Cümlede îcâz-ı hazif sanatı vardır. مِنَ الْقَانِت۪ينَ car mecruru كَان ’nin mahzuf haberine mütealliktir. مِنَ harfi ibtidaiyye içindir. (Âşûr)
كَان ’nin haberi isminin içine karışır ve adeta onun mahiyetinden bir cüz olur. (Muhammed Ebu Musa, Hâ-Mîm Sureleri Belâgî Tefsiri 5, Duhan, s. 124)
Burada muktezâ-i zâhir ayetin son kısmının كَانَتْ مِنَ الْقَانِتَاتِ şeklinde gelmesini gerektirirdi. Ama ayet-i kerîmede bunun yerine tağlîb yoluyla müennes, müzekker addedilerek الْقَانِت۪ينَ kelimesi tercih edilmiştir. Böylece ayette bahsedilen Hz. Meryem itaat konusunda erkekler kadar başarılı olmuş ve onlardan addedilerek mübalağa yapılmıştır. (Fatma Serap Karamollaoğlu, Kur'an Işığında Belâgat Dersleri Meânî İlmi)
مِنَ ‘de kısmîlik için kullanılmıştır; ancak مِنَ ’in başlangıç anlamında olması da caizdir ki, bunun dayanağı da o Meryem’in gönülden itaat edenlerin içinden dünyaya gelmiş olmasıdır; çünkü o, Hazret-i Mûsâ’nın kardeşi Harun soyundan gelmektedir. (Keşşâf)

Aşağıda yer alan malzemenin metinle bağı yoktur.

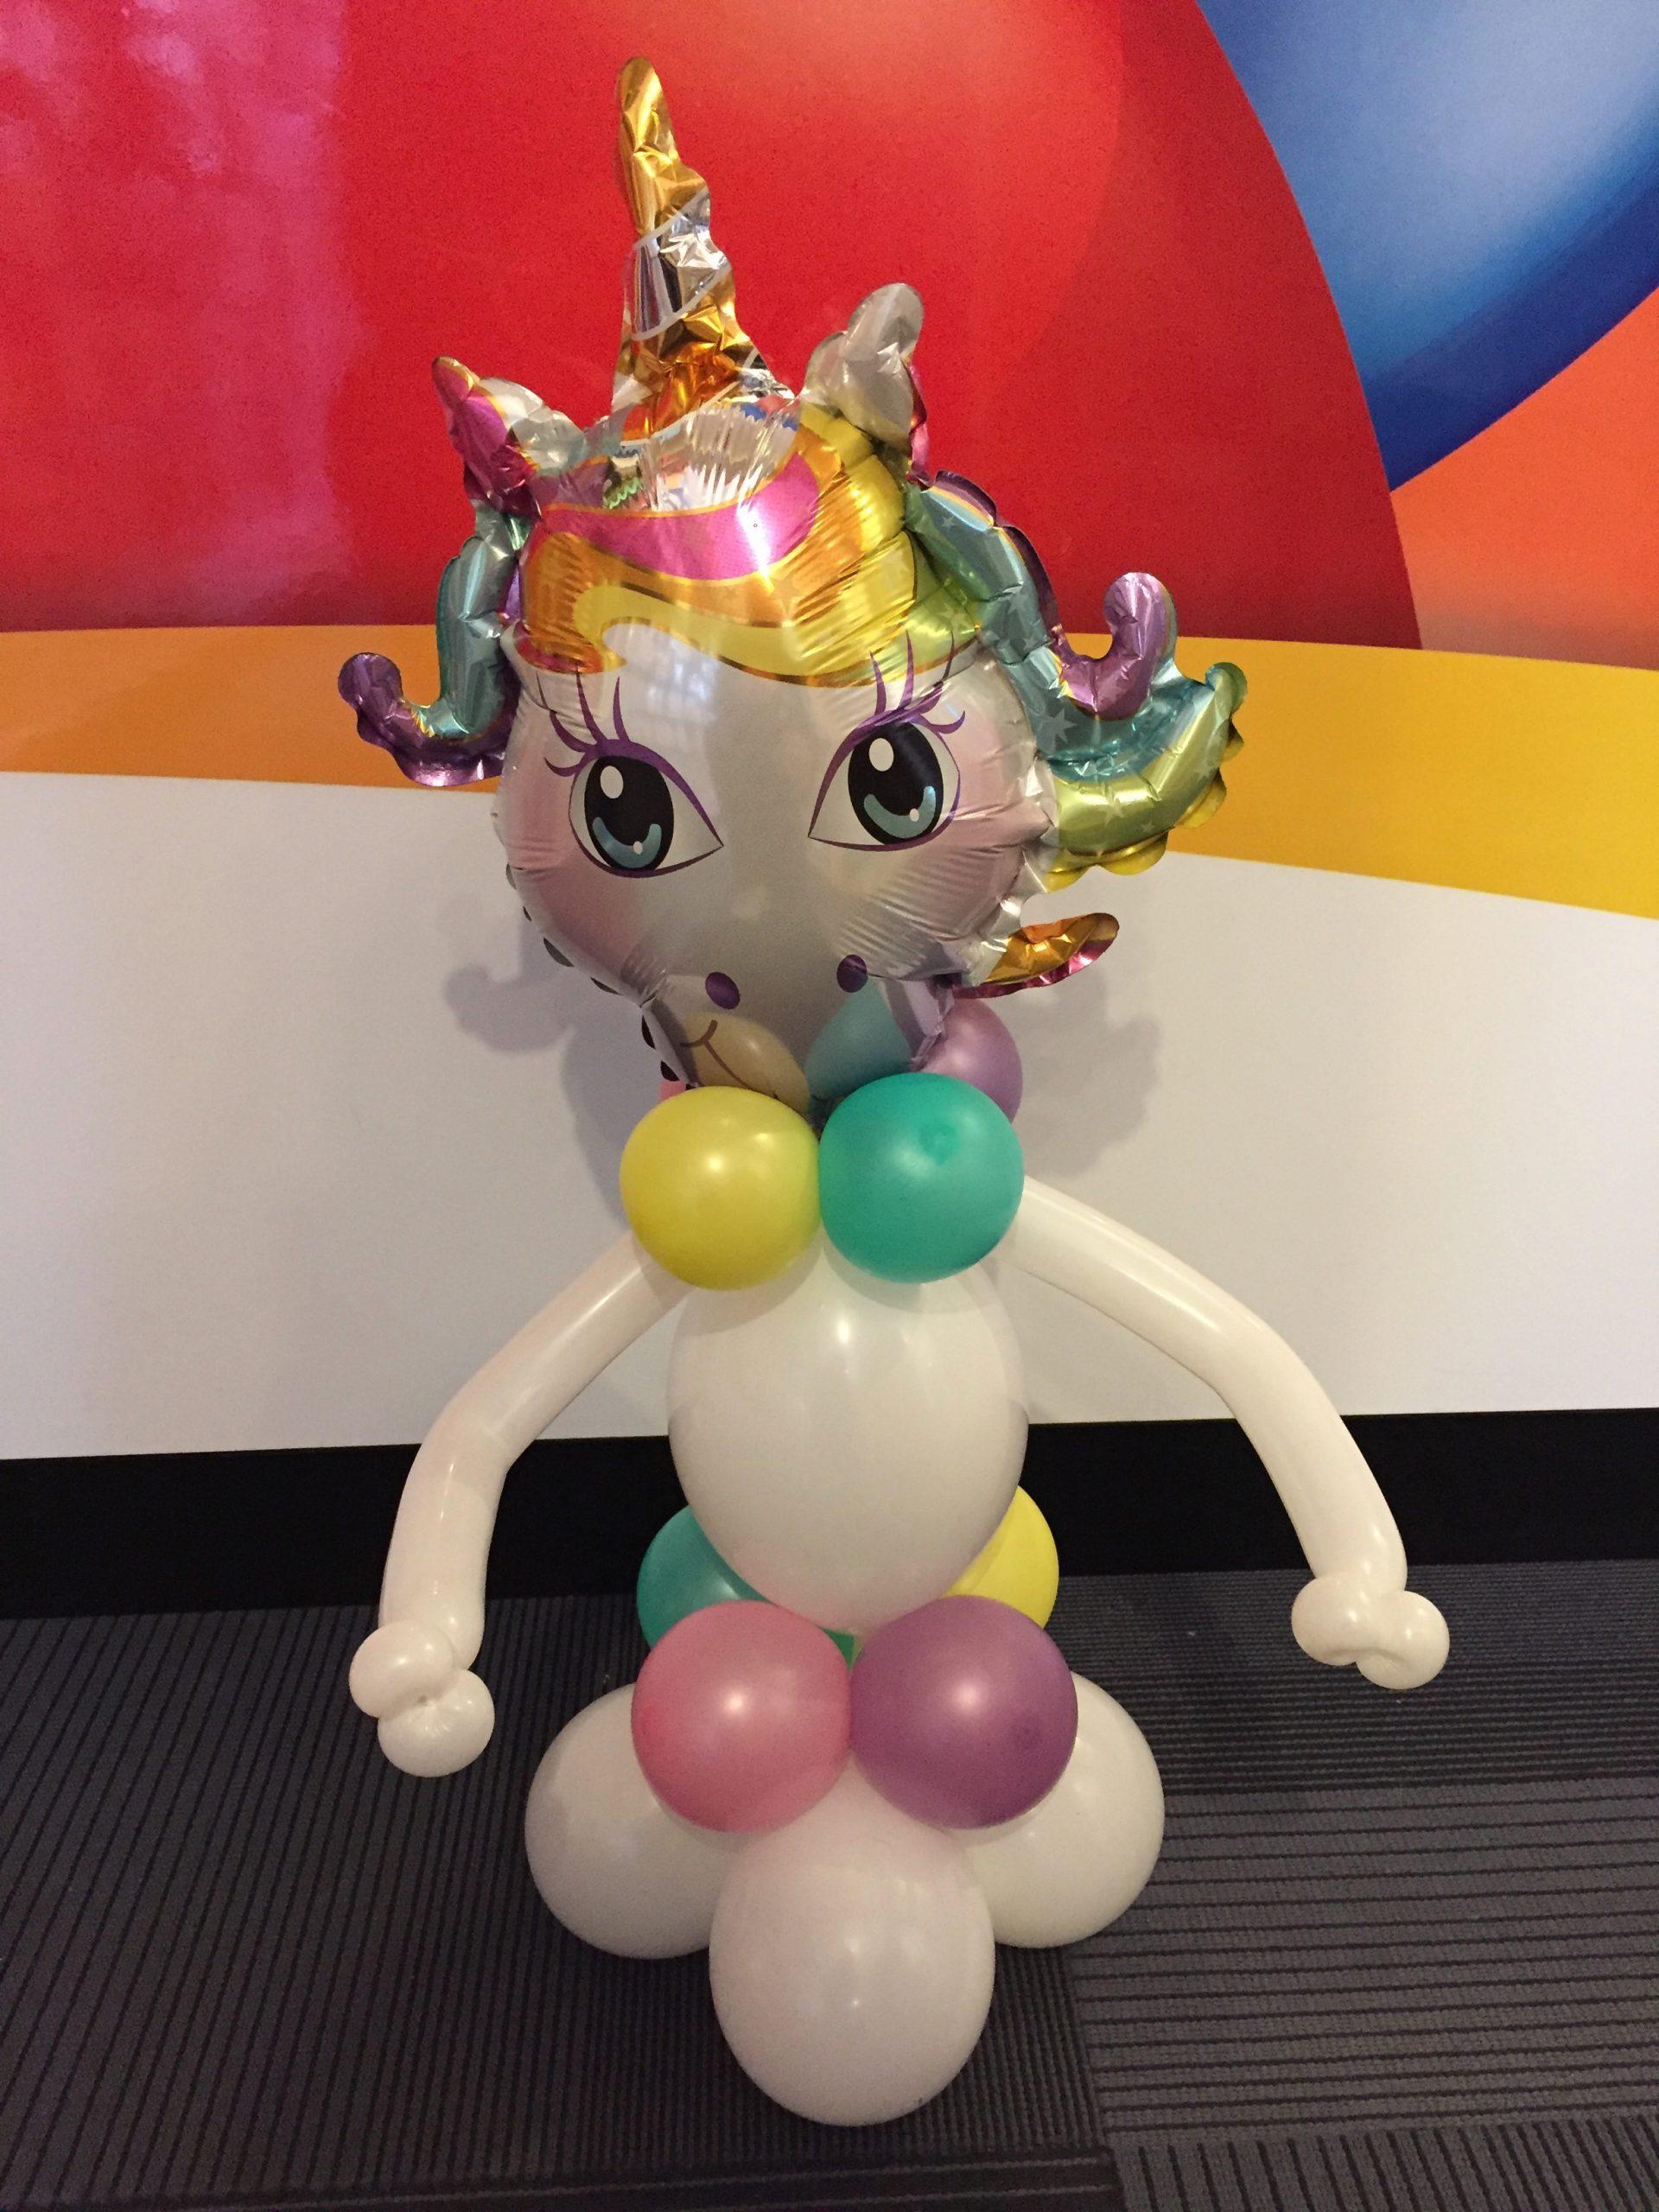 Balloon unicorn table decoration

Bu iki temsilin zımnında surenin evvelinde zikredilen müminlerin iki anasına ve Resûlüllah (s.a.v)’in istemediği bir şeyde, Resûlüllah'a (s.a.v) karşı yardımlaşmalarına kinaye yollu gönderme, sert yollu sakındırma ve bu iki mümin kadın gibi ihlâslı olmaları gerektiğine, Resûlüllah (s.a.v)’in eşi olmalarına güvenmemeleri gerektiğine işaret vardır. (Nesefî, Medâriku’t Tenzîl Ve Hakâîku’t Te’vîl)
‘İtaat edenler’ anlamına gelen الْقَانِت۪ينَ kelimesinin müzekker olarak kullanılması, itaatkârlar içindeki erkekleri tağlîb veya onun taatinin erkeklerin taatinden aşağı olmadığını ihsas içindir. Hatta onlar cümlesindendir. Bir diğer görüşe göre de: ”O, itaat edenlerin neslindendir," anlamındadır. Çünkü Meryem, Mûsa (as)'nın kardeşi Harun (as)'ın neslindendir. (Ruhu’l Beyan)
Ayeti kerimede cem' ma’at-taksim vardır. 10. Ayetin aksine burada iman eden kadınlar ifadesinde cem’, verilen örneklerde taksim vardır.
Surenin, konunun sonuna işaret eden bu son ayeti, hüsn-i intihâ sanatının güzel bir örneğidir.
Hüsn-i intihâ, mütekellimin makama ve girişe uygun güzel bir şekilde tamamlamasıdır.
Kur’an surelerinin bitişi de girişi gibi belîğdir. Sureler o kadar güzel bir şekilde sona ermiştir ki muhatap artık başka bir şey duymak istemez. Sureler; dua-vasiyet, farzlar, tahmîd ve tehlîl, öğüt, vaat ve vaîd gibi surede işlenen konuya uygun bir sözle sona erer. (Kur’an Işığında Belâğat Dersleri Bedî’ İlmi)
Ayetin fasılalarındaki harflerinden oluşan musiki, dinleyen ve okuyanı mest etmeye kâfidir. Bu fasılalarda cinas-ı nakıs ve lüzum ma la yelzem sanatları vardır.